Не по вкусу ей девка-перестарок.

И рябая ко всему.

Евдокия хмыкнула, мысленно поправляя себя: не рябая, а веснушчатая. Дедово наследство, если маменьке верить. Она же, окрыленная надеждой — неужто устоит девичье сердце перед Аполлоном? — хлопотала, пела-заливалась, рассказывая, какая Евдокия у нее умница…

…ну да, не за красоту же хвалить.

Красота вся Аленке досталась, оттого, верно, и спровадили ее из-за стола, от греха подальше. Нечего у старшей сестры женихов отваживать.

Евдокия вздохнула, смиряясь с неизбежным.

Естественно, усадили их рядом с Аполлоном, и тот, смущенный близостью незнакомой девицы, густо покраснел.

— А вы… того… глаза красивые, — вспомнил он наставления маменьки, которая поджала узкие губы.
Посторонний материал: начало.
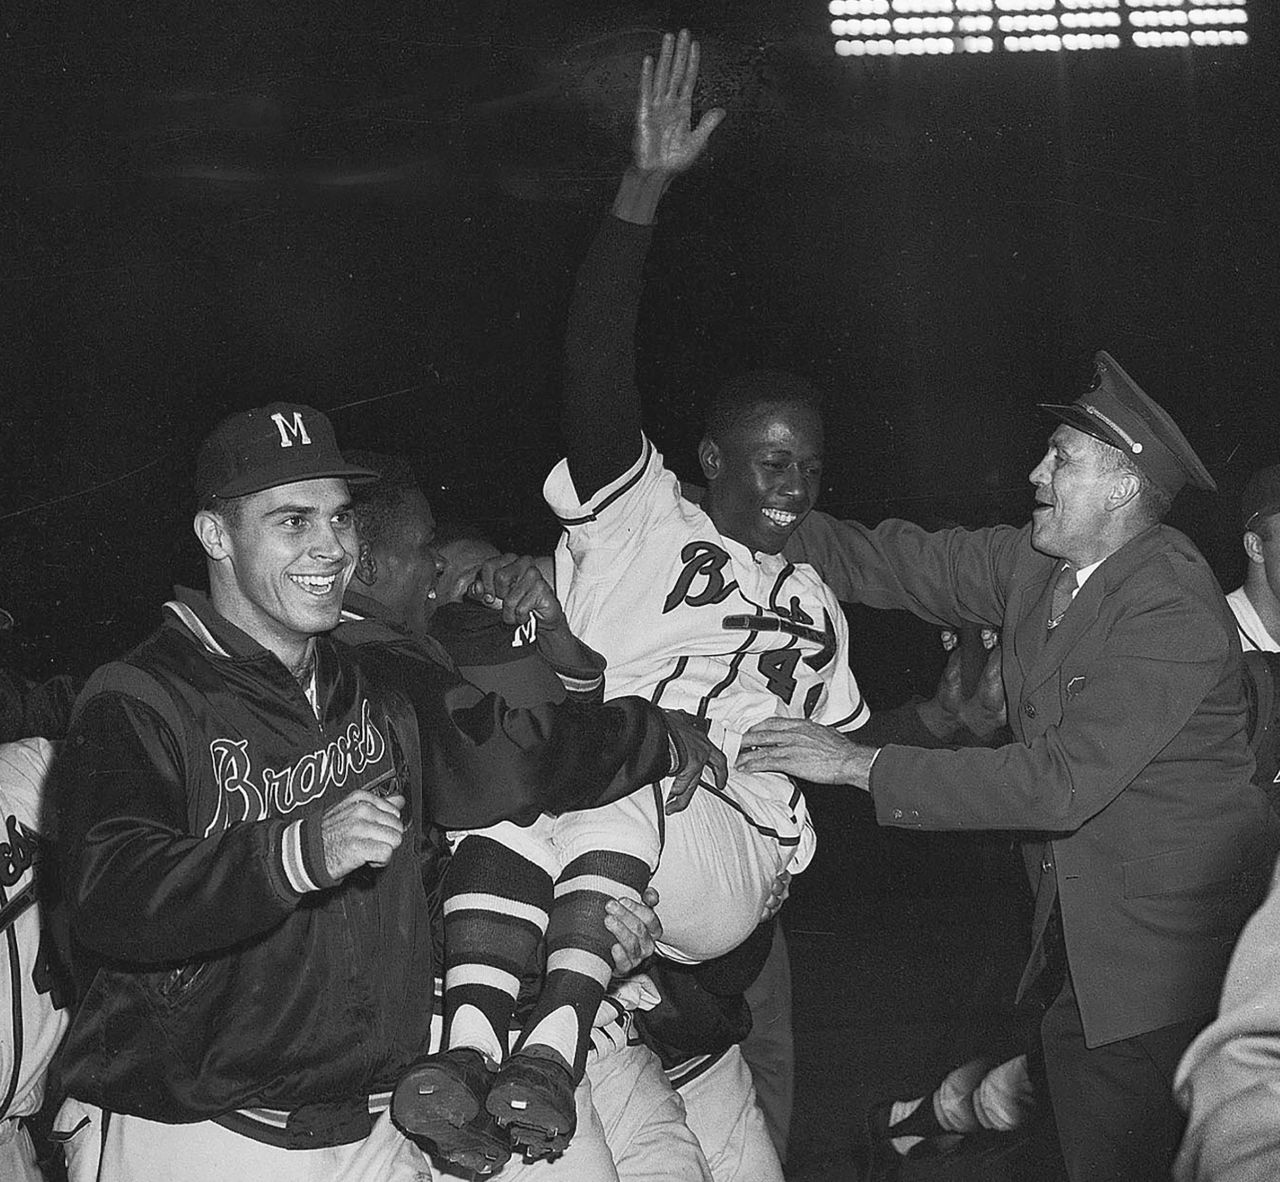 Aaron is carried off the field by his teammates after Milwaukee won the National League pennant in 1957.

На стол несли снедь. И Евдокия, глядя, как кумачовая парадная скатерть теряется под обилием блюд, подсчитывала, во что эти смотрины станут. Расстаралась маменька. Тут и телячьи щеки с чесноком, и стерлядь в винном соусе плавает, выставила харю, точно насмехается над этакой невестой, и почки заячьи, и перепела в собственном соку, пулярочки, голуби…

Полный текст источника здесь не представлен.